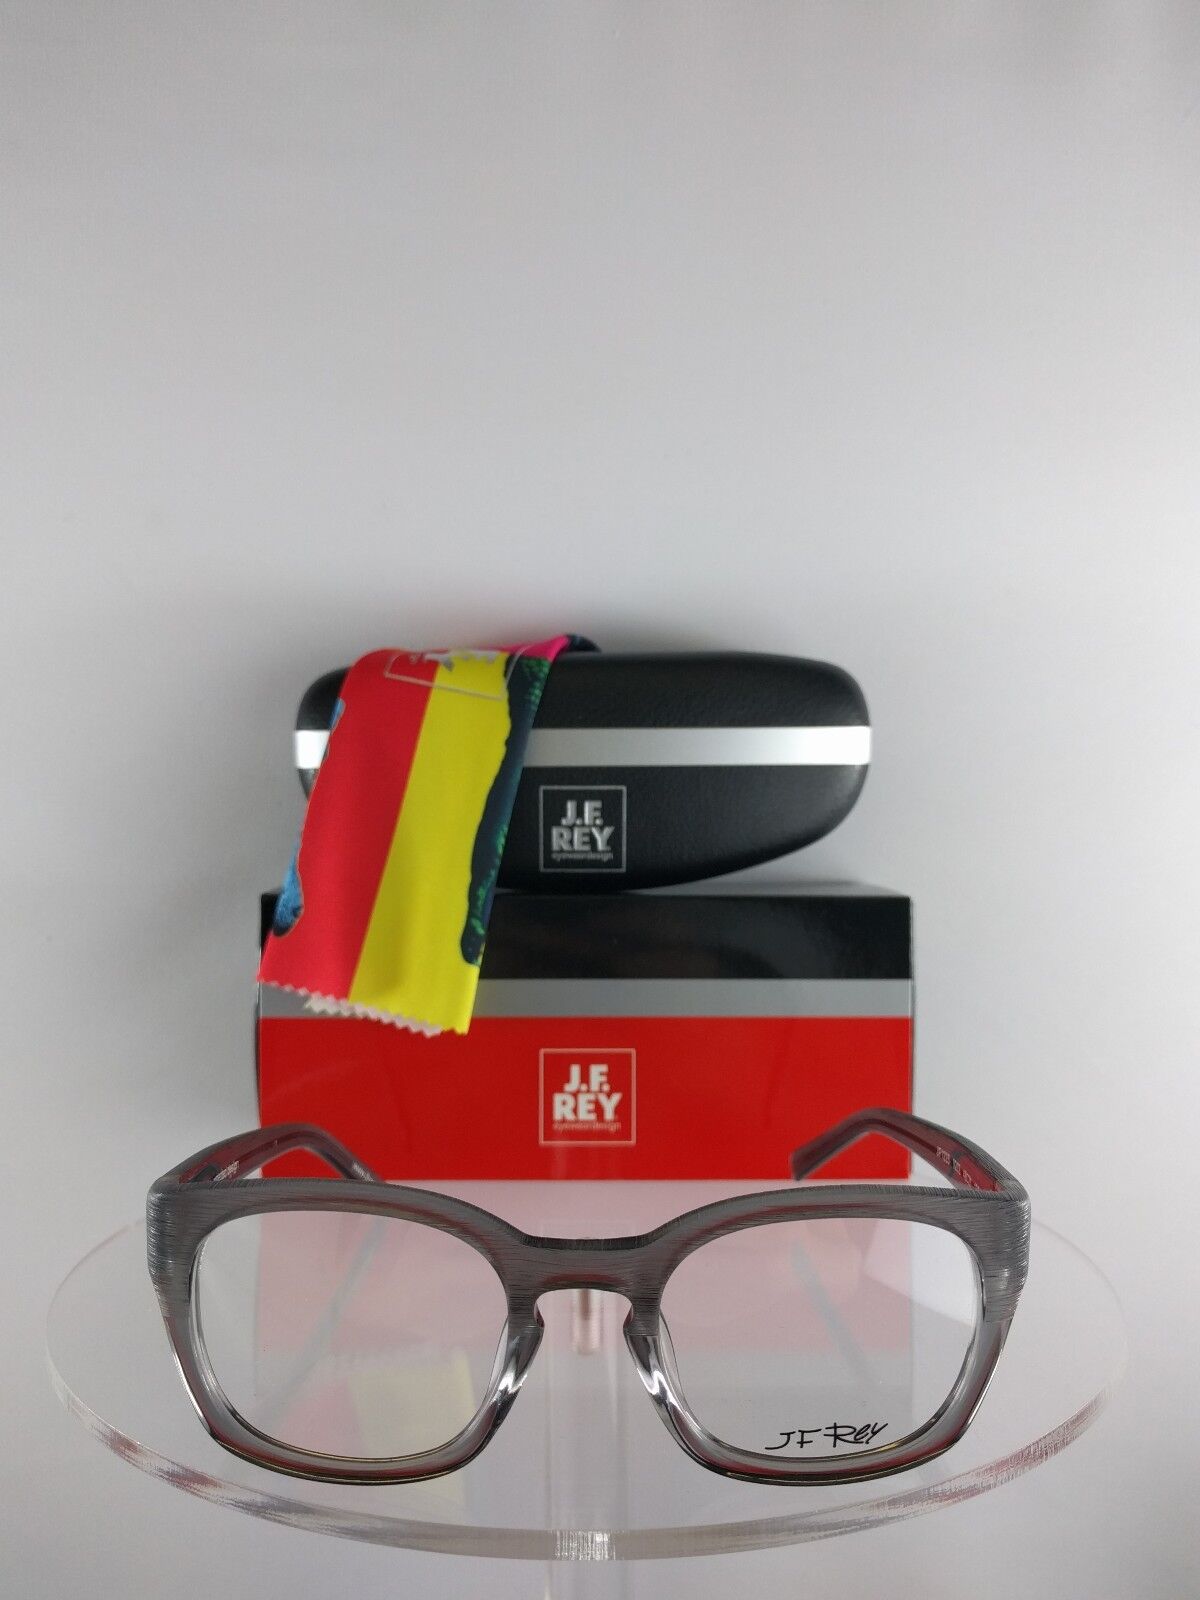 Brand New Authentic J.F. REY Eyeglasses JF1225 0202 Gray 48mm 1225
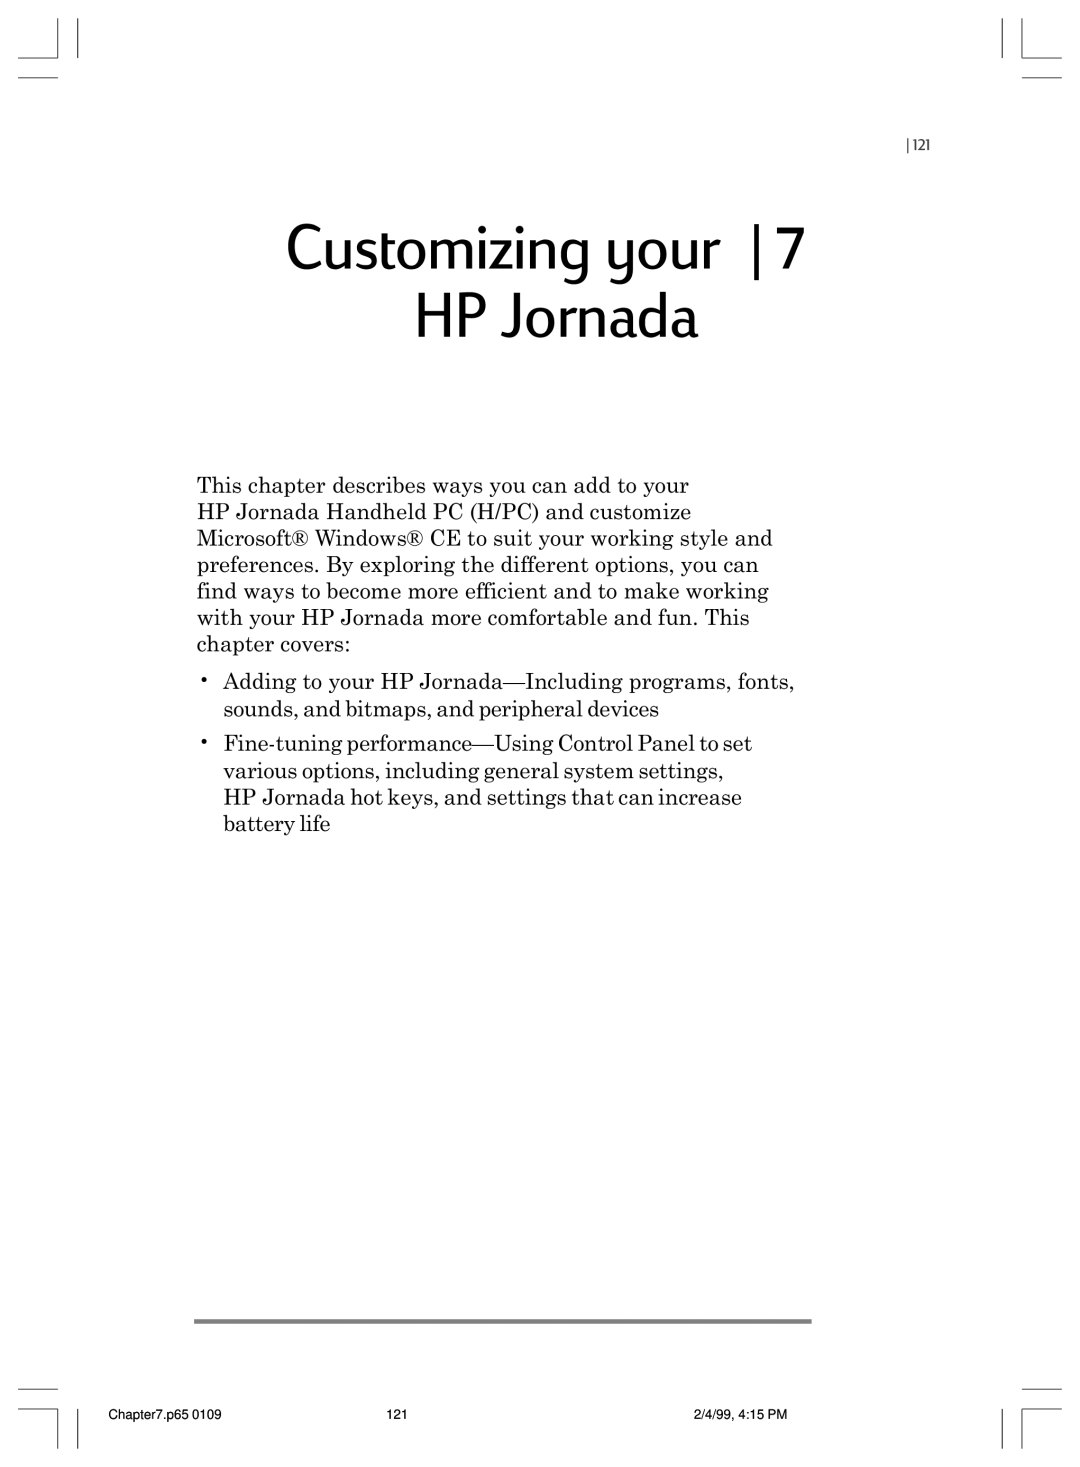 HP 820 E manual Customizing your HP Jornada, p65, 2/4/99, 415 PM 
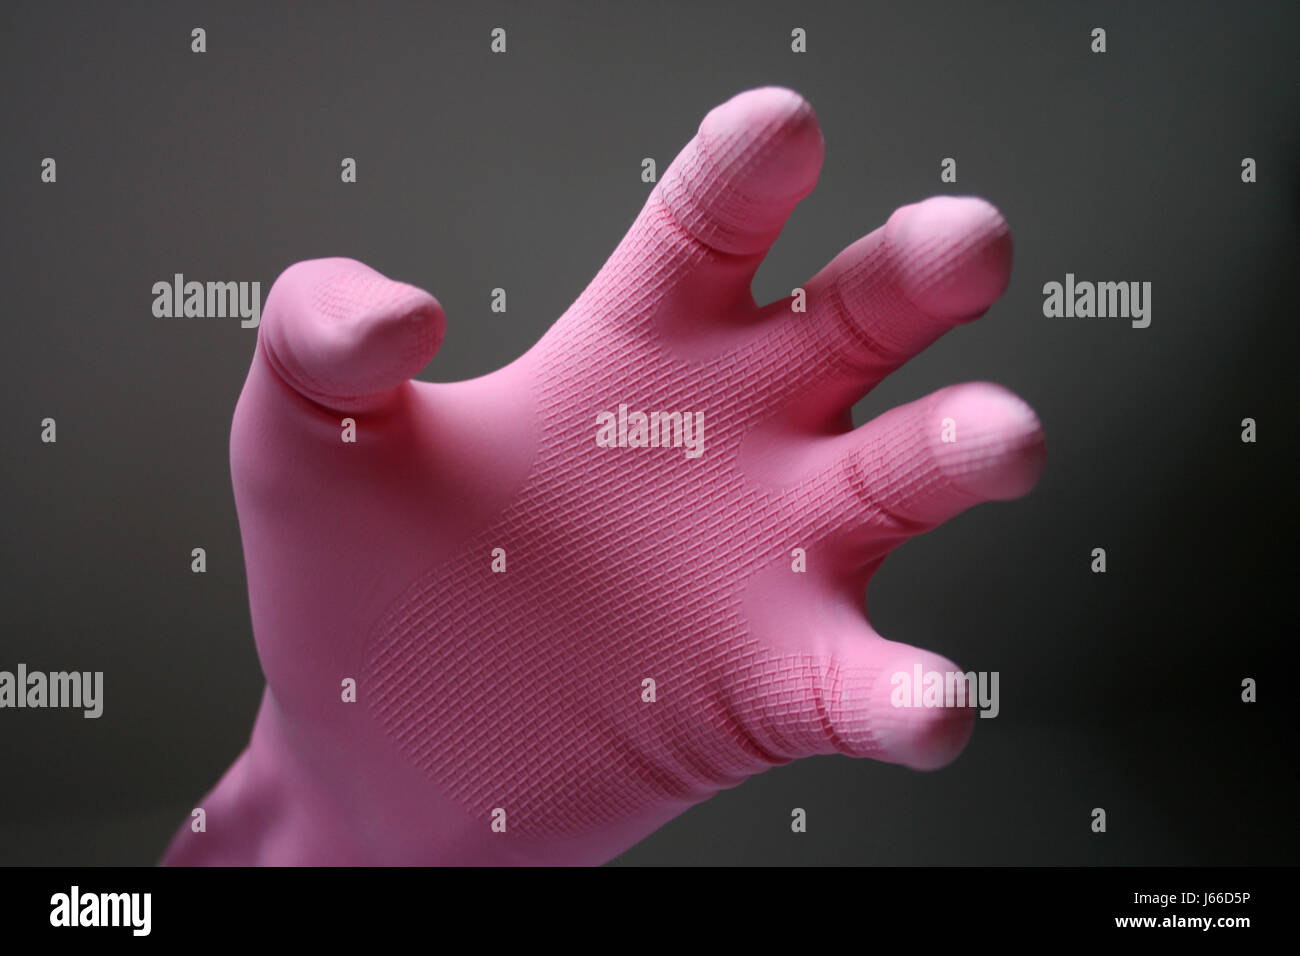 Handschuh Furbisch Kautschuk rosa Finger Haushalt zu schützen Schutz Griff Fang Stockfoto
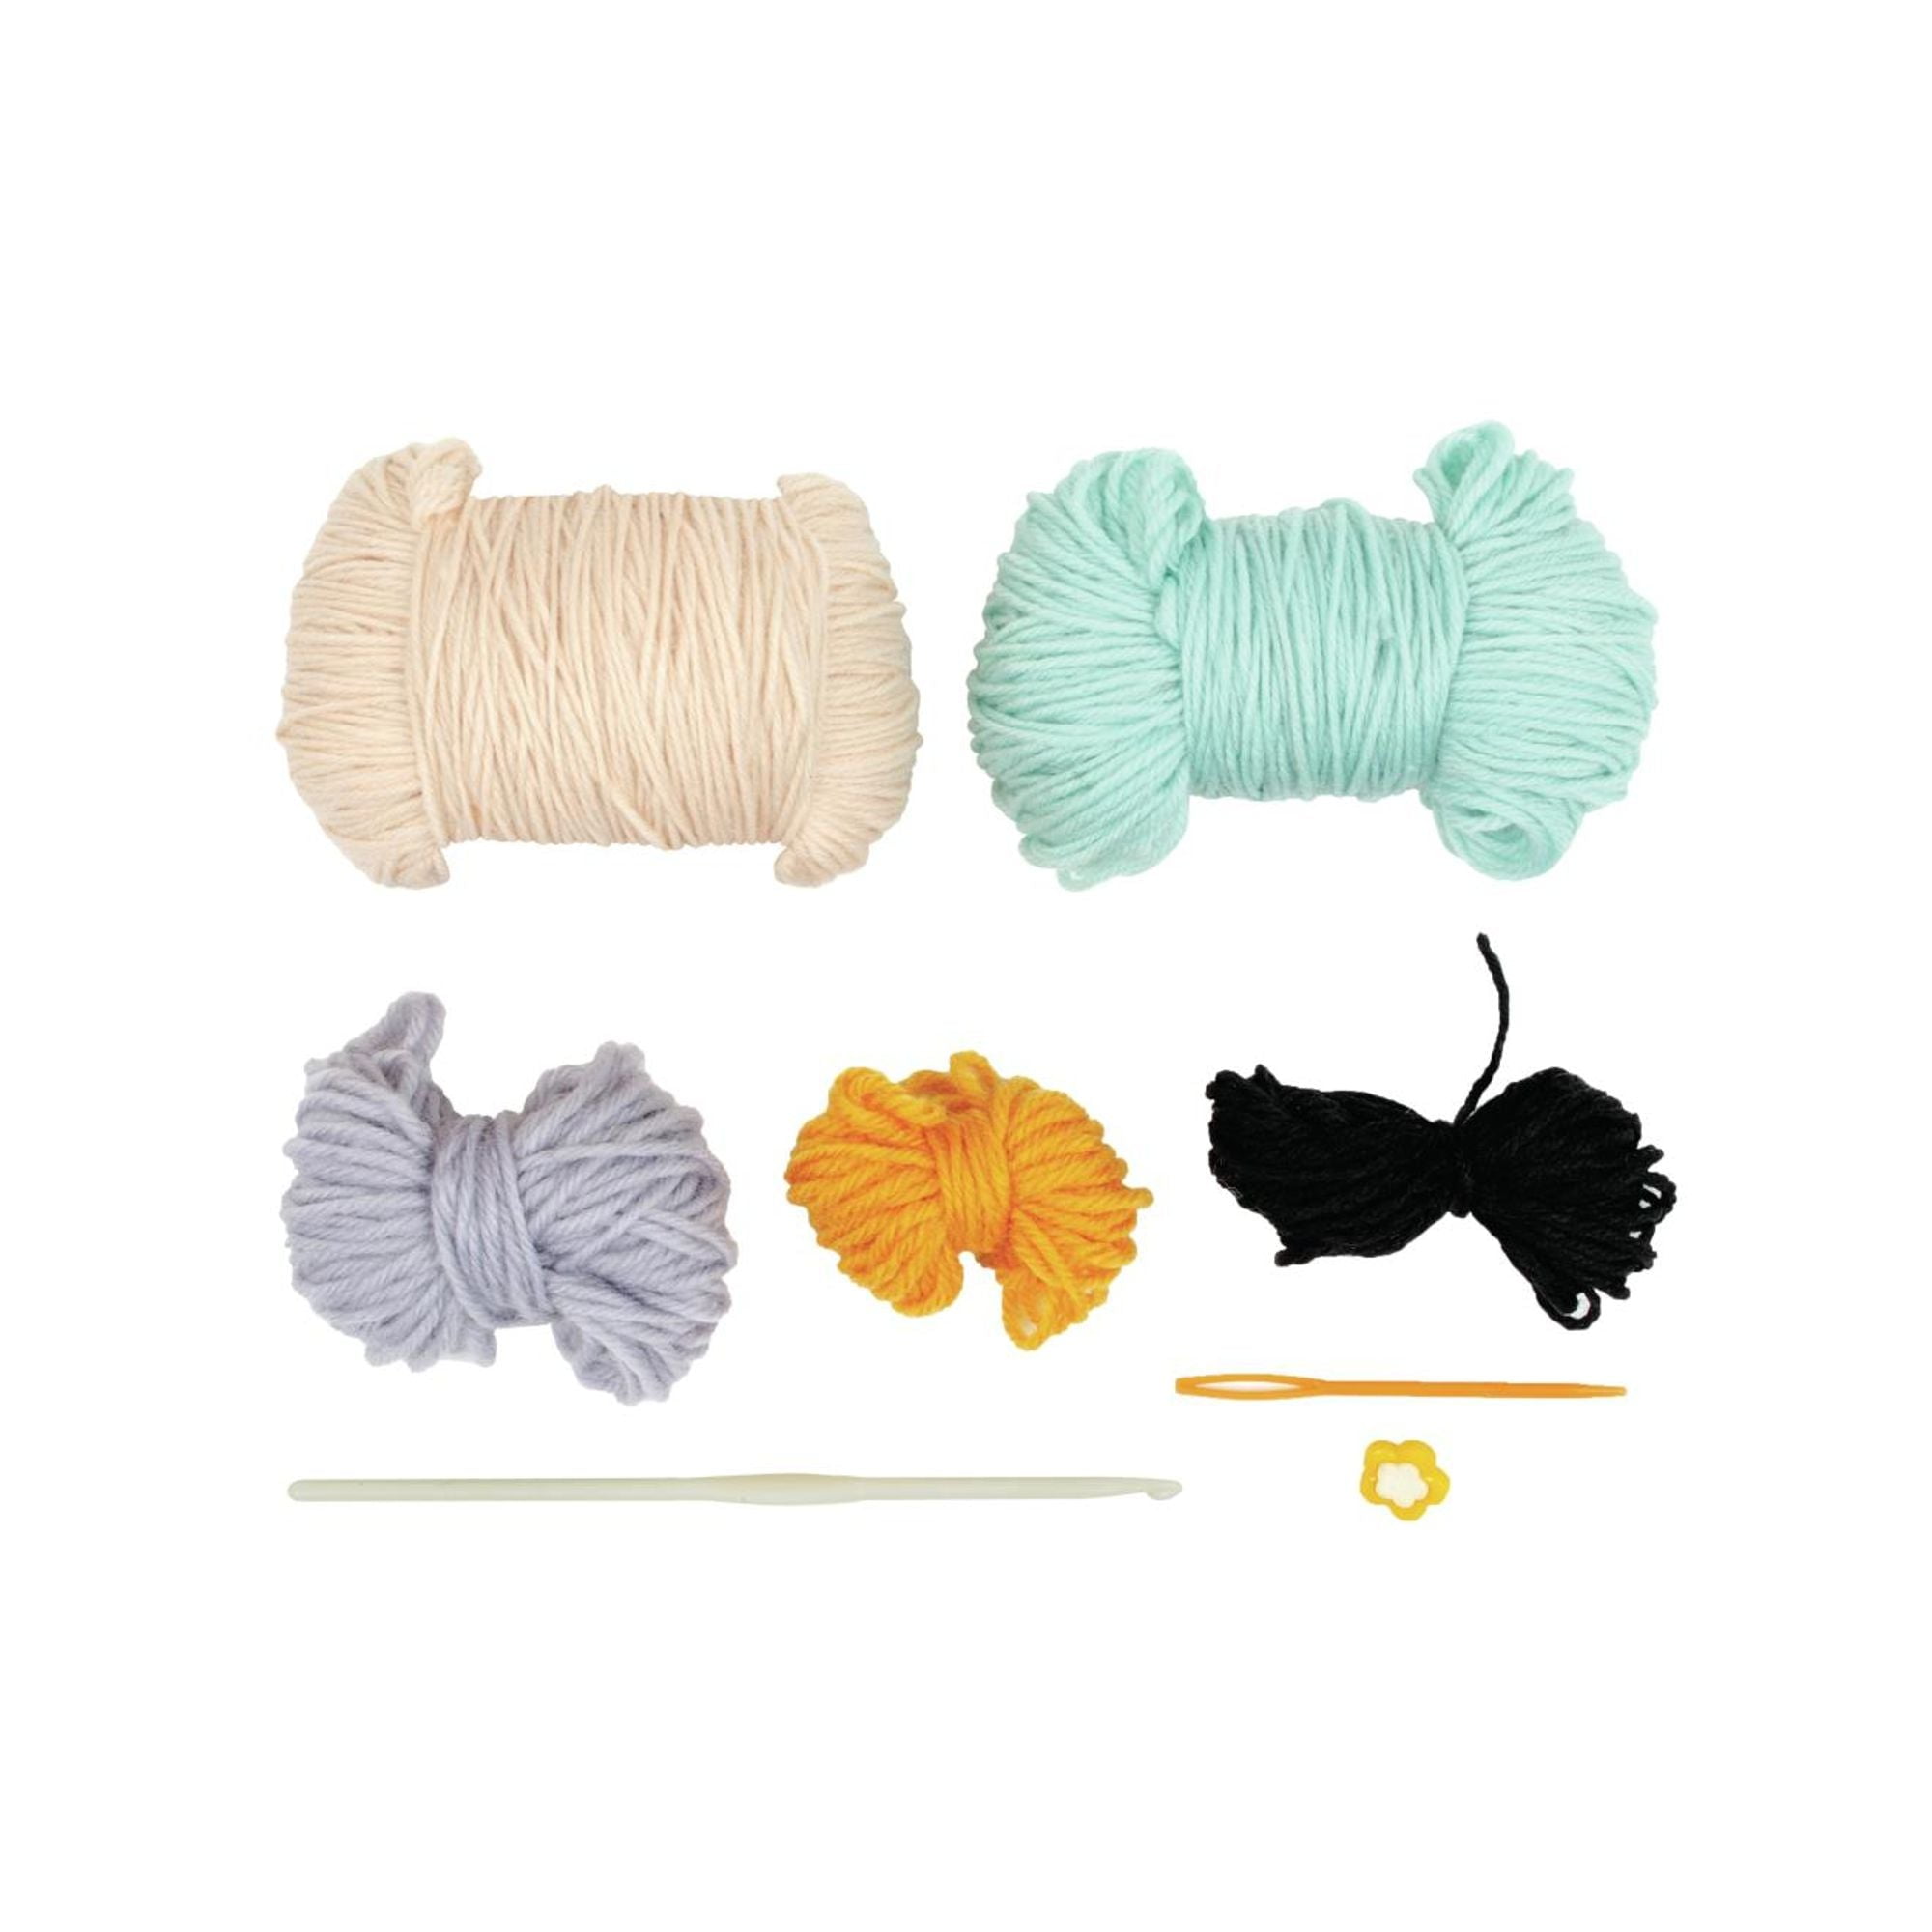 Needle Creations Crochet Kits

———

**ASSIGNMENT:**
Make an exact copy of the listing above, omitting the pictures.

**RESPONSE TO THE EXERCISE:**
 Brand New Authentic J.F. REY Eyeglasses JF1225 0202 Gray 48mm 1225
 HP 820 E manual Customizing your HP Jornada, p65, 2/4/99, 415 PM 
 Handschuh Furbisch Kautschuk rosa Finger Haushalt zu schützen Schutz Griff Fang Stockfoto
 Needle Creations Crochet Kits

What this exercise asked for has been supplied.